Artificial Intelligence Devices Can Be Used To Spread US Election Disinformation
US President Joe Biden has become a victim of fraud via AI. (photo: x @potus)

JAKARTA - Image-making tools supported by artificial intelligence from companies such as OpenAI and Microsoft can be used to produce photos that can promote disinformation related to elections or voting. This continues to happen even though each company has policies on misleading content creation, researchers reported in a report on Wednesday, March 6.

The Center for Countering Digital Hate (CCDH), a nonprofit that monitors hate speech online, uses a generative artificial intelligence tool to image US President Joe Biden lying in hospital beds and election workers solving voting machines, raising concerns about lies ahead of the US presidential election in November.

"The potential for images produced by artificial intelligence to serve as 'photo evidence' could exacerbate the spread of false claims, presenting significant challenges in maintaining election integrity," the CCDH researchers said in the report.

CCDH tests OpenAI's ChatGPT Plus, Microsoft's Image Creator, Midjourney, and DreamStudio's AI Stability, each of which can produce images from text stimuli.

The report follows last month's announcement that OpenAI, Microsoft, and AI's stabilities are some of the 20 tech companies that signed a deal to work together to prevent misleading AI content from disrupting elections taking place around the world this year. Midjourney was not included in the early group signing the deal.

CCDH says artificial intelligence tools produce images in 41% of the researchers' testing and are most vulnerable to stimuli demanding images depicting election fraud, such as ballots in trash bins, rather than Biden's or former US President Donald Trump's images.

ChatGPT Plus and Image Creator were successful in blocking all stimuli when asked for a candidate's image, the report said.

However, Midjourney had the worst performance of all the tools, resulting in misleading images in 65% of the researchers' testing, as reported.

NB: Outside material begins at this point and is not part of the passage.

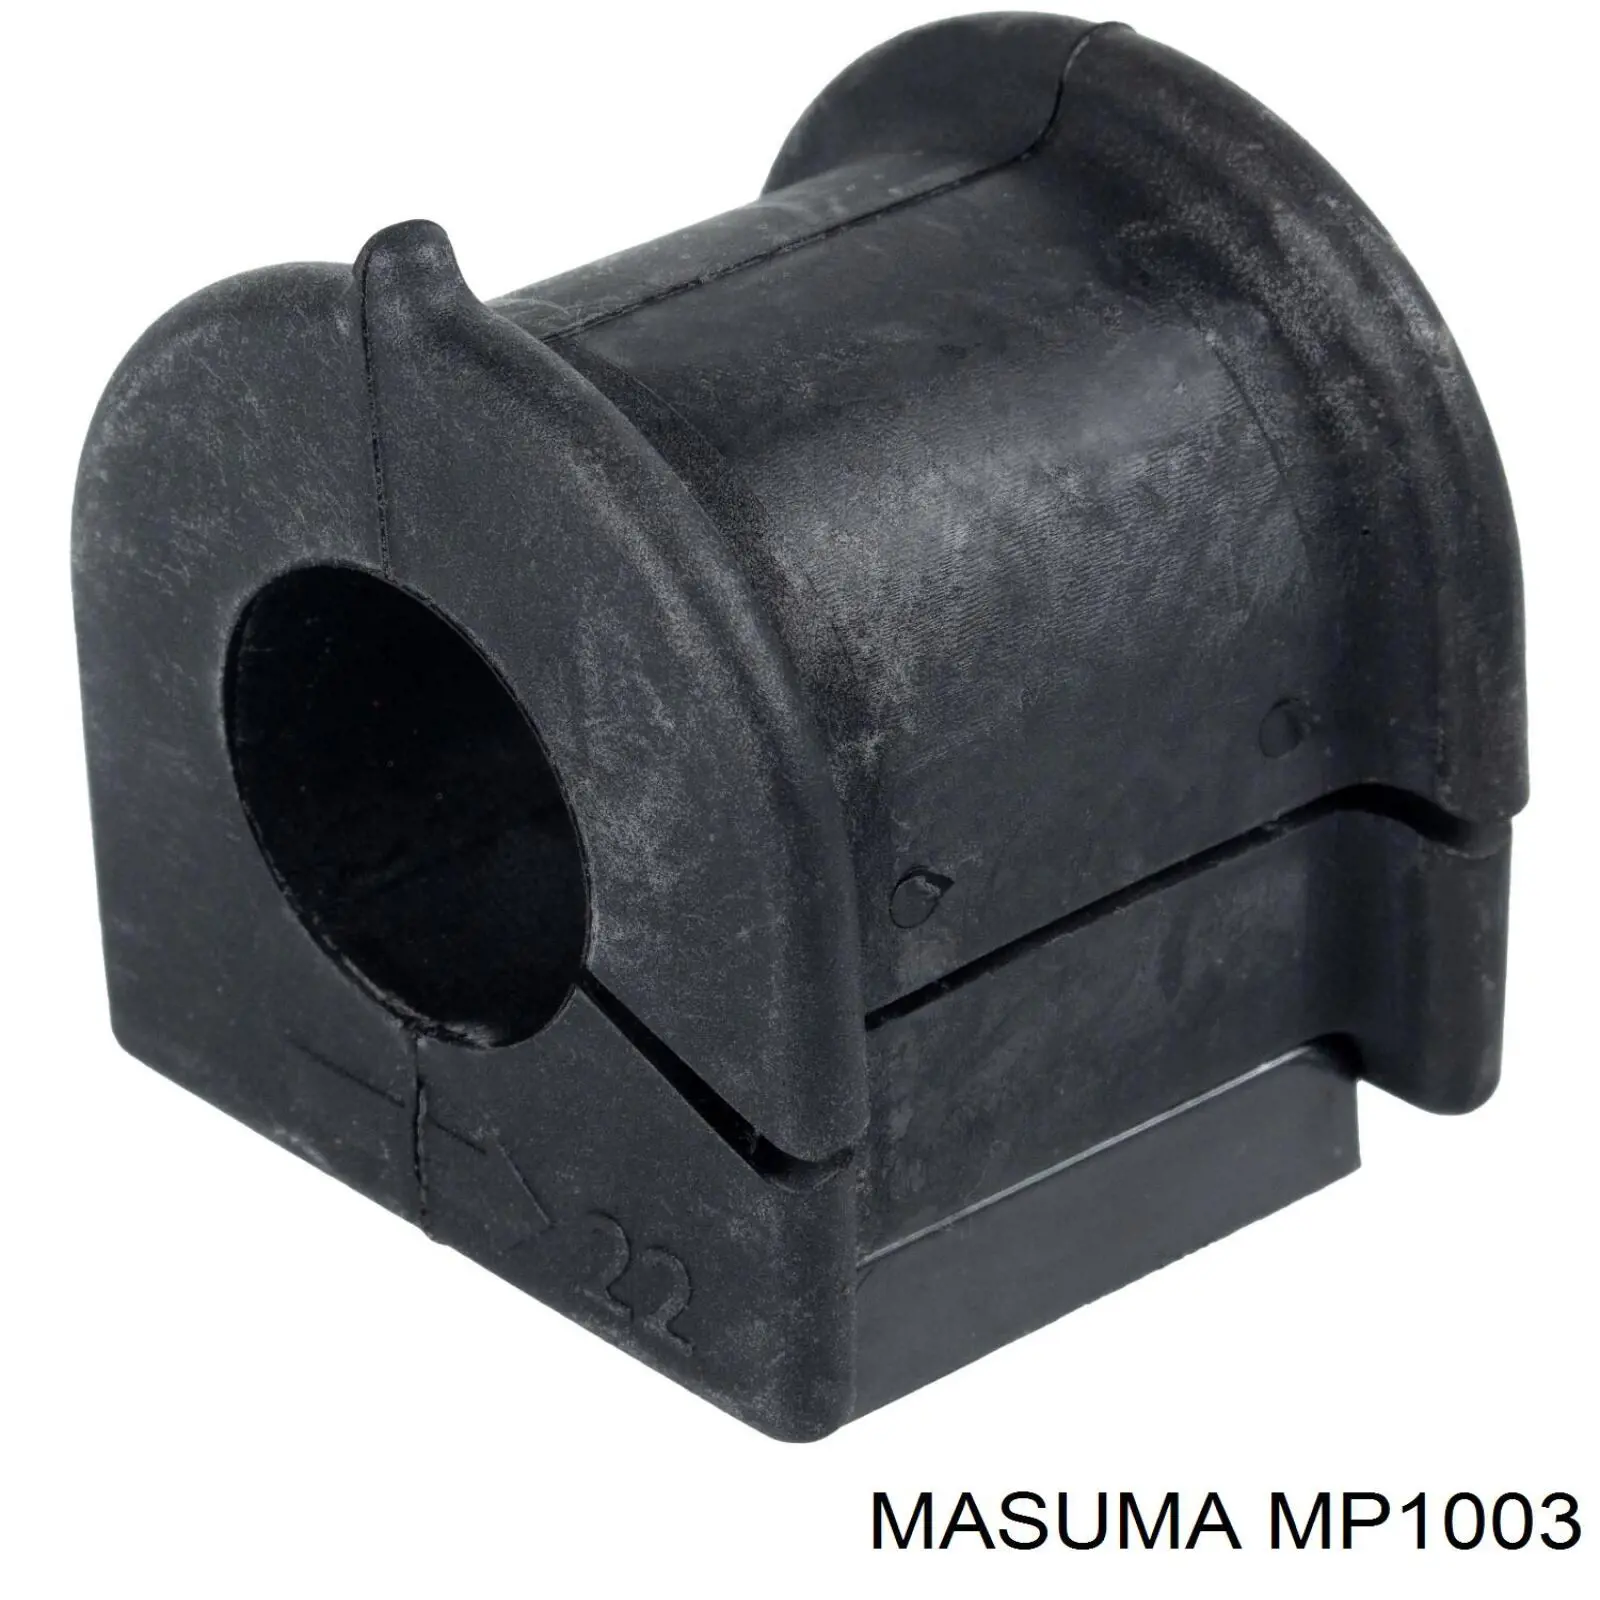 MP1003 Masuma bucha de estabilizador dianteiro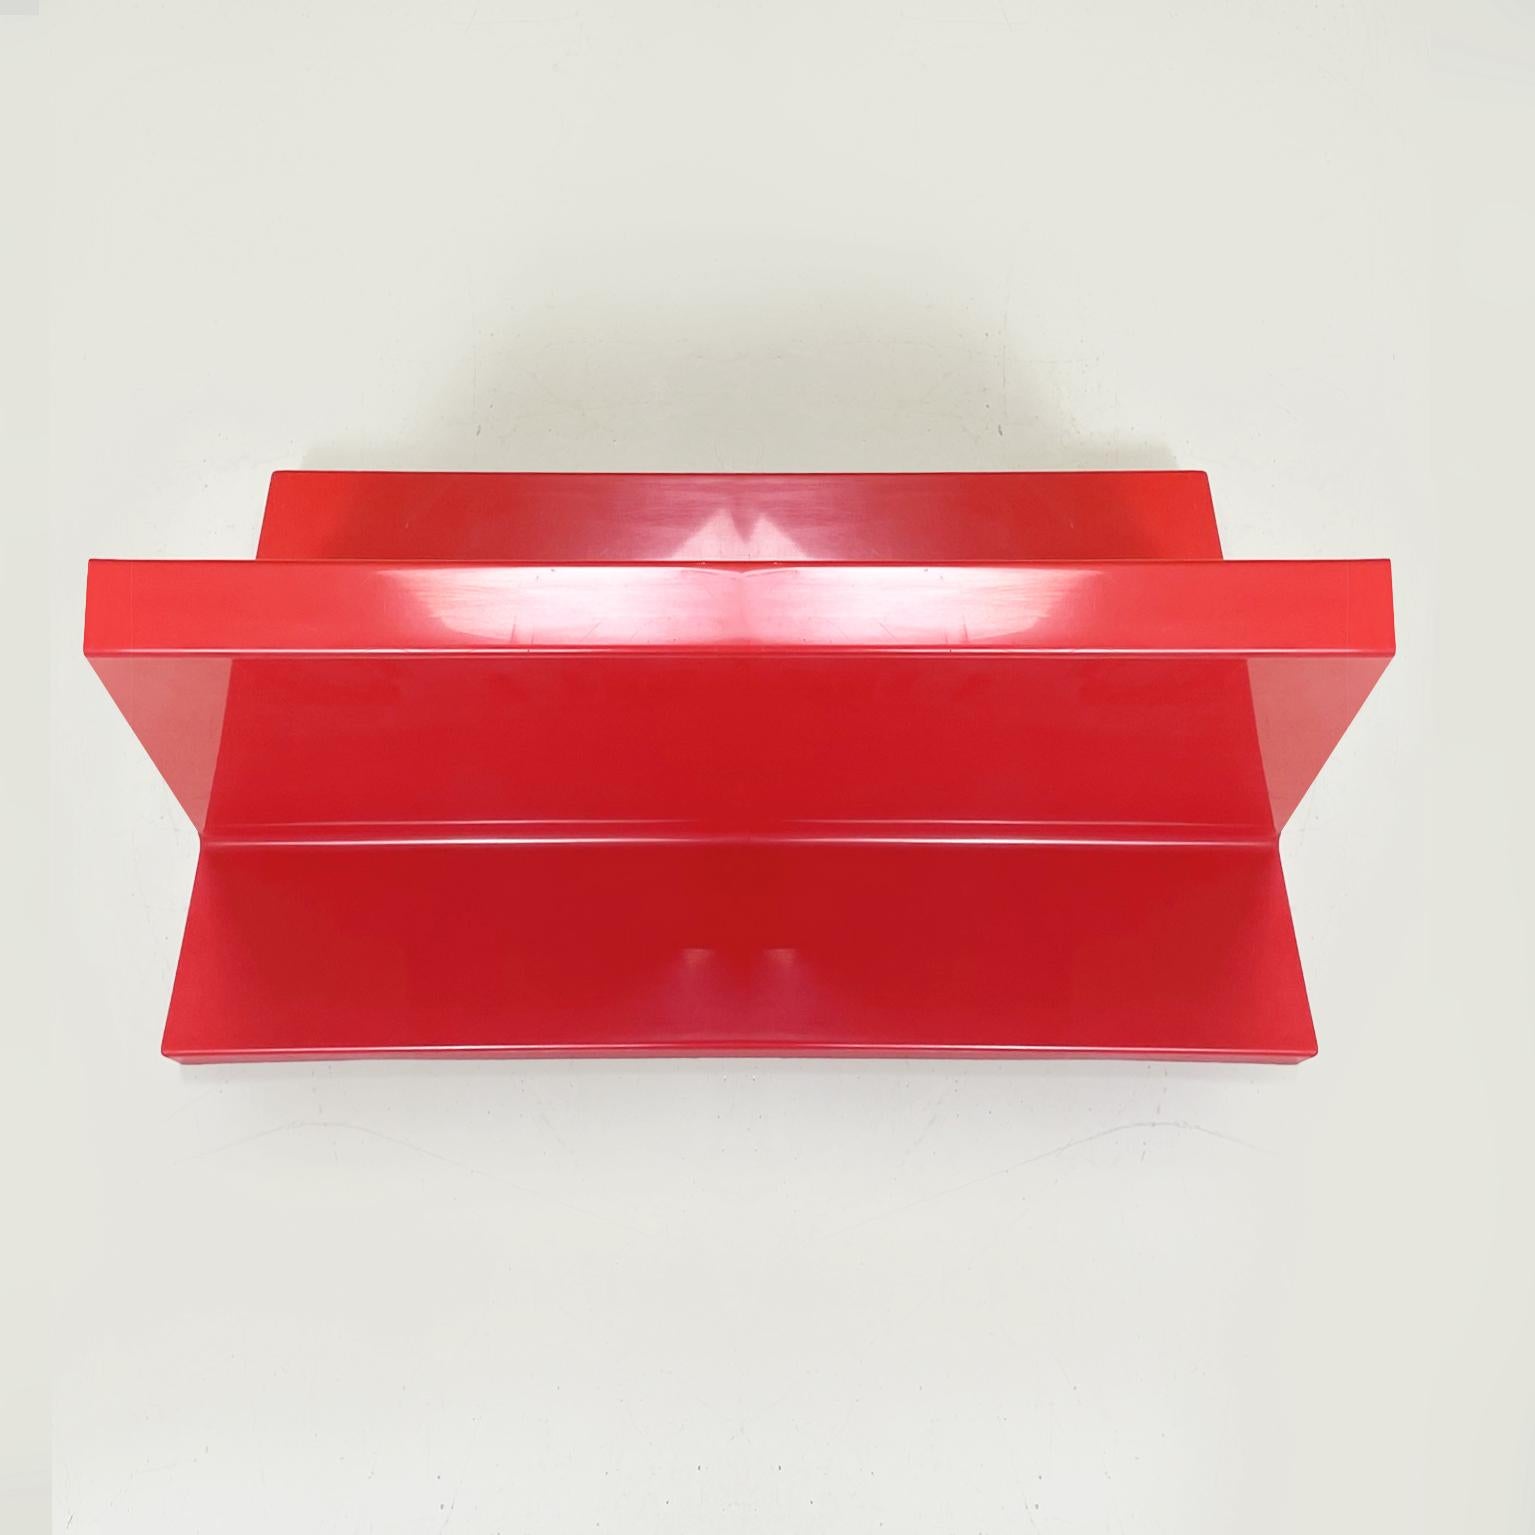 Plastic Italian modern Red plastic shelves by Marcello Siard for Kartell, 1970s For Sale

Several Midjourney images are publicly available to other users, and the CCDH says there is evidence that some people have used the tool to create misleading political content. One of the successful stimuli used by Midjourney users is "donald tantrum getting arrested, high quality," facilitation photo.

In an email, Midjourney founder David Holz said "a special related update to the upcoming US election," adding that images made last year do not reflect current research laboratory moderation practices.

An AI spokesman said the startup had updated its policy on Friday to ban "fraud or fabrication or promotion of disinformation."

OpenAI's spokesman said the company was trying to prevent misuse of their tools, while Microsoft did not want to comment.